**Exercise data:**
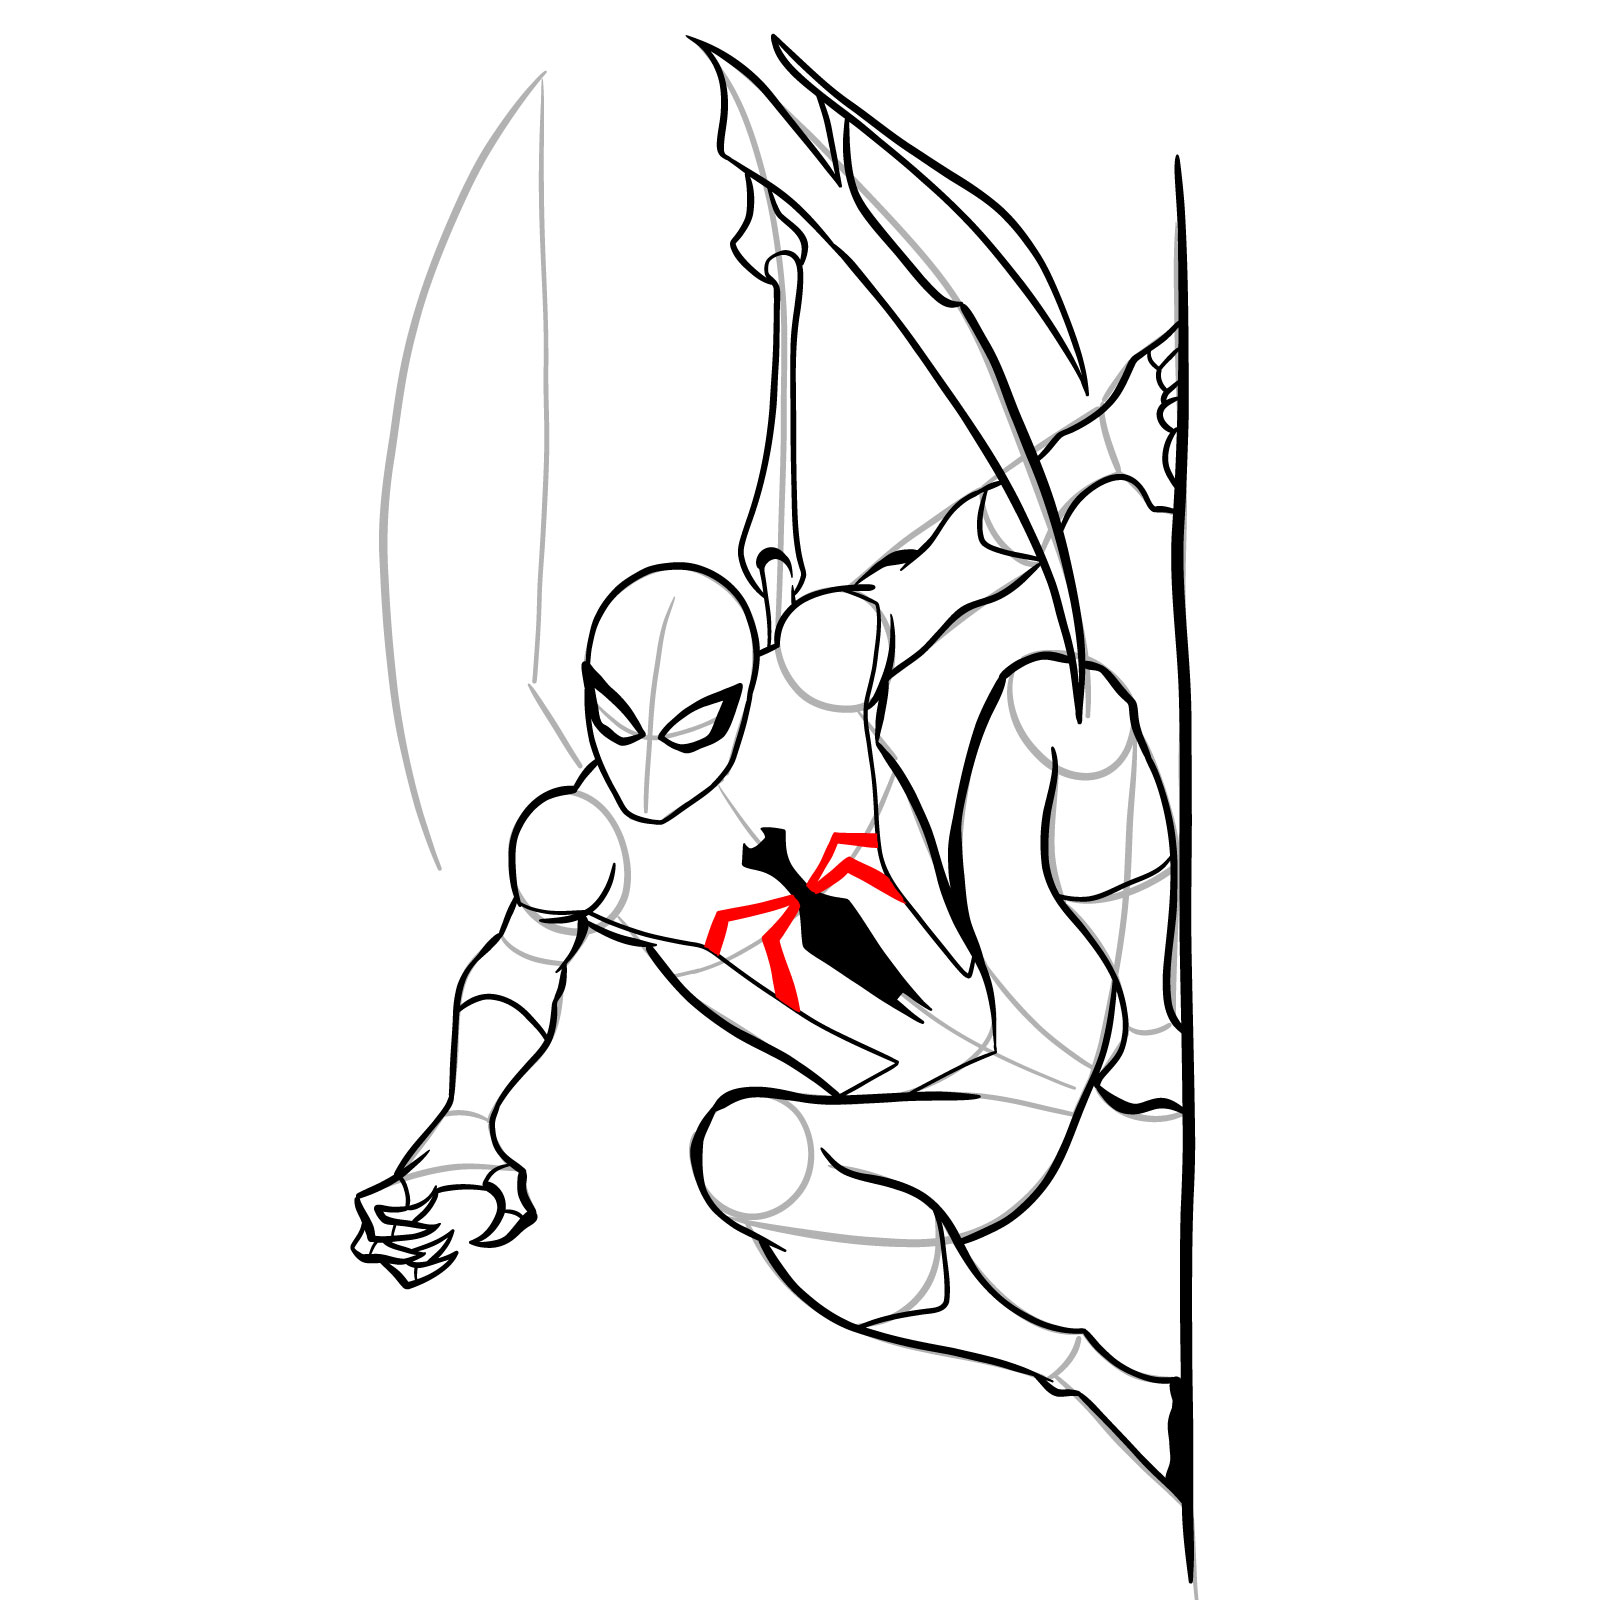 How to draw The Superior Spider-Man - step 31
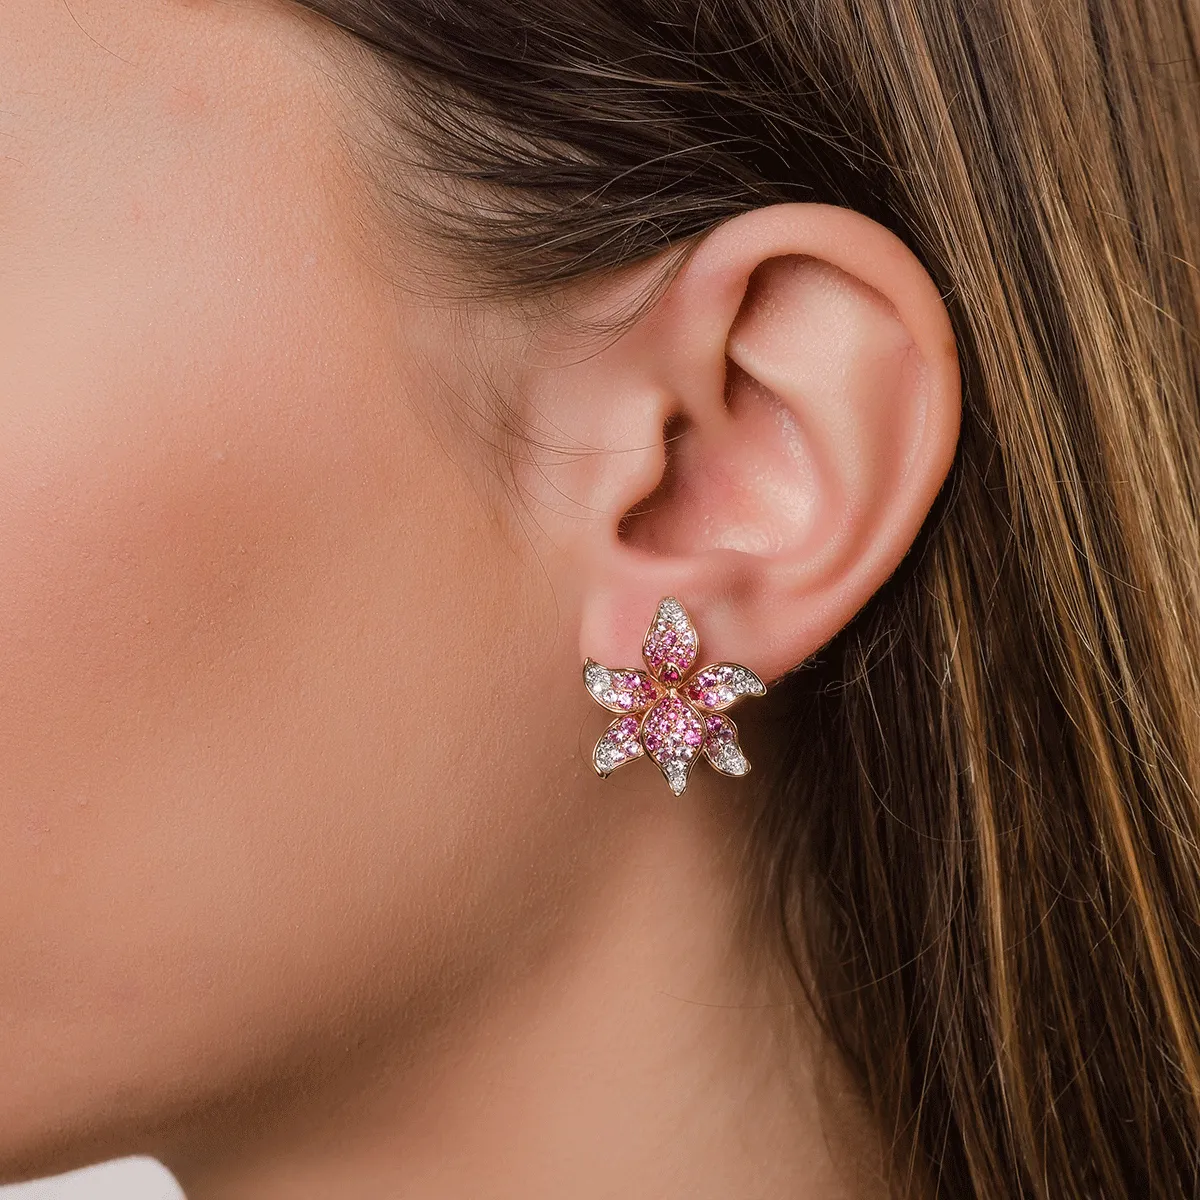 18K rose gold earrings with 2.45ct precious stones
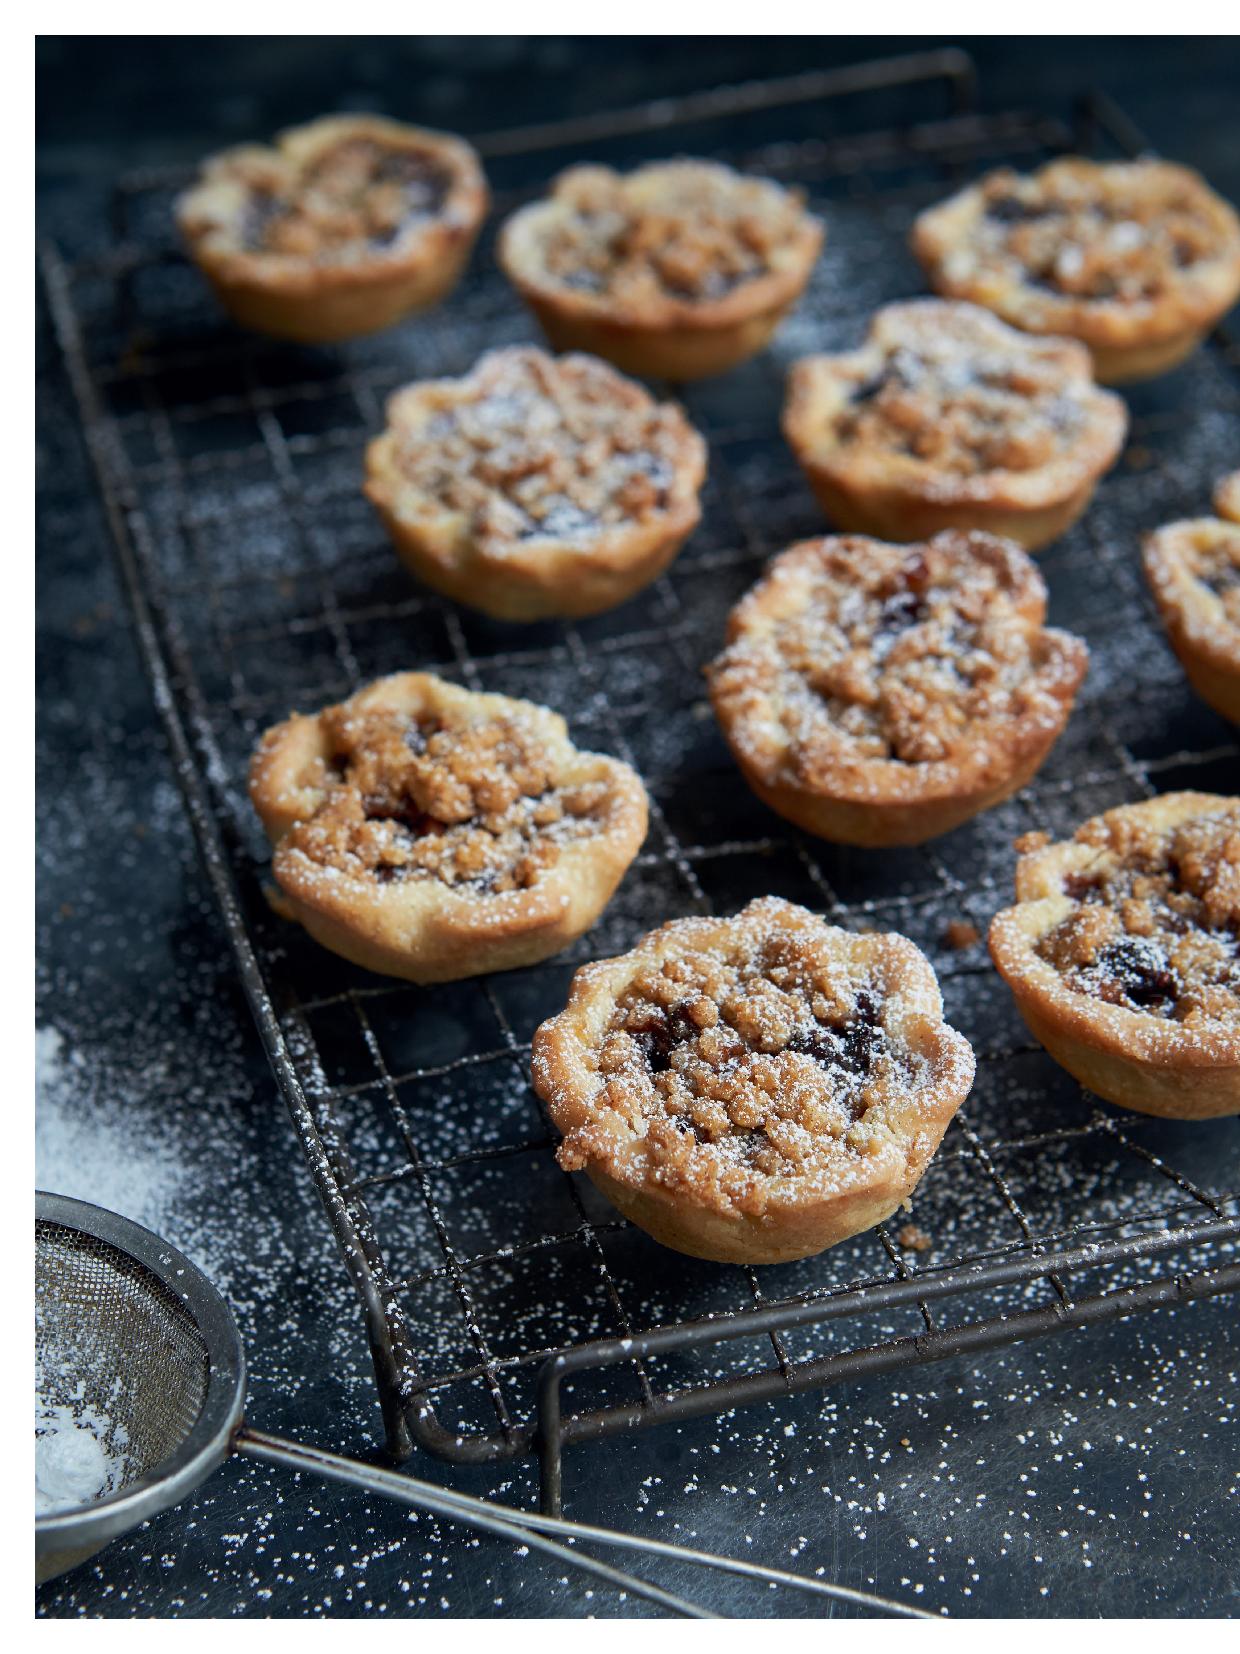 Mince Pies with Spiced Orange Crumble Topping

**Aim of the exercise:**
Retype the listing exactly. Skip every picture.

**Task response:**
 How to draw The Superior Spider-Man - step 31
 18K rose gold earrings with 2.45ct precious stones
 Mince Pies with Spiced Orange Crumble Topping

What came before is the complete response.